USD/JPY falls as the Japanese currency strengthens on BoJ’s Kuroda speech

The USD/JPY was hovering around the 98.50 area prior to the BoJ’s Kuroda speech in Osaka. The Japanese currency was boosted on Kuroda’s speech; Kuroda mentioned that “Japanese inflation expectations are gradually rising. Briefly, real yields are falling due to BoJ's bond buying,” as well as that “Vital for FX market to move in stable manner, while it is too early to discuss an exit strategy from current easing policy.” Furthermore, BoJ’s governor said that “expects Japanese growth to surpass potential after the increase of sales taxes.” Market participants interested in the cross might consider that the cross decline - despite the positive comments on behalf of Kuroda for Japan’s economy – could attributed to a less or more extent to widening spread between Nikkei index close and Nikkei futures (roughly 55.3pts as Osaka contract sinks further).

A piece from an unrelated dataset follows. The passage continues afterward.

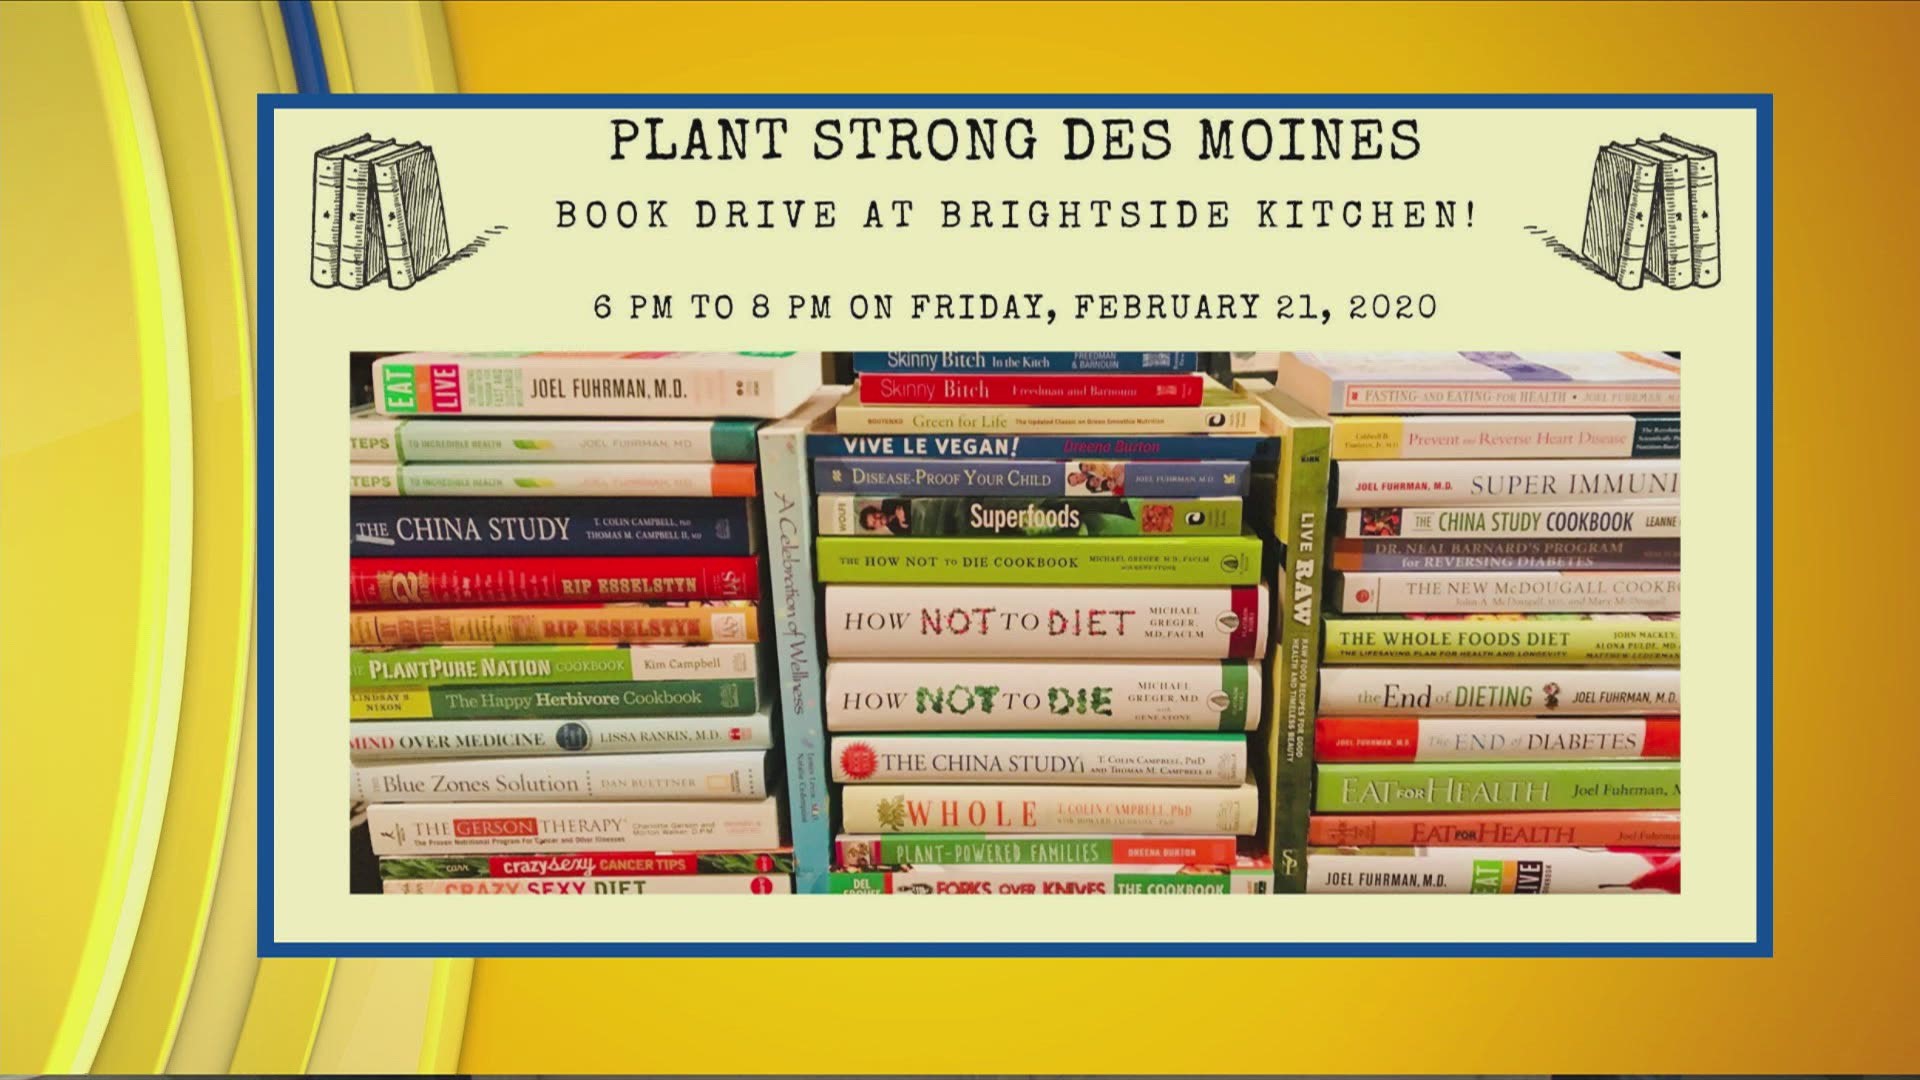 The Plant Strong Lending Library is a great local community resource and has been very popular with Brightside Kitchen's customers

Technical Perspective on the USD/JPY

The cross might feel safe as it remains well above the support zone as of 97.64 – 97.80 area (97.64 is where the 200-daily SMA is laying, while 97.80 is the daily low as of the 1st November). On the other hand, to move into the mid 99.00s, it should first of all overcome the handle of 99.01 (17th October daily high), as well as the 99.14 (26th September daily high). Emmanuel Ng of OCBC Bank says “…with positive risk appetite mildly supportive of the JPY-crosses, the next USD-JPY resistance around 99.00 remains in sight despite the less than hawkish tone from Fed rhetoric yesterday.”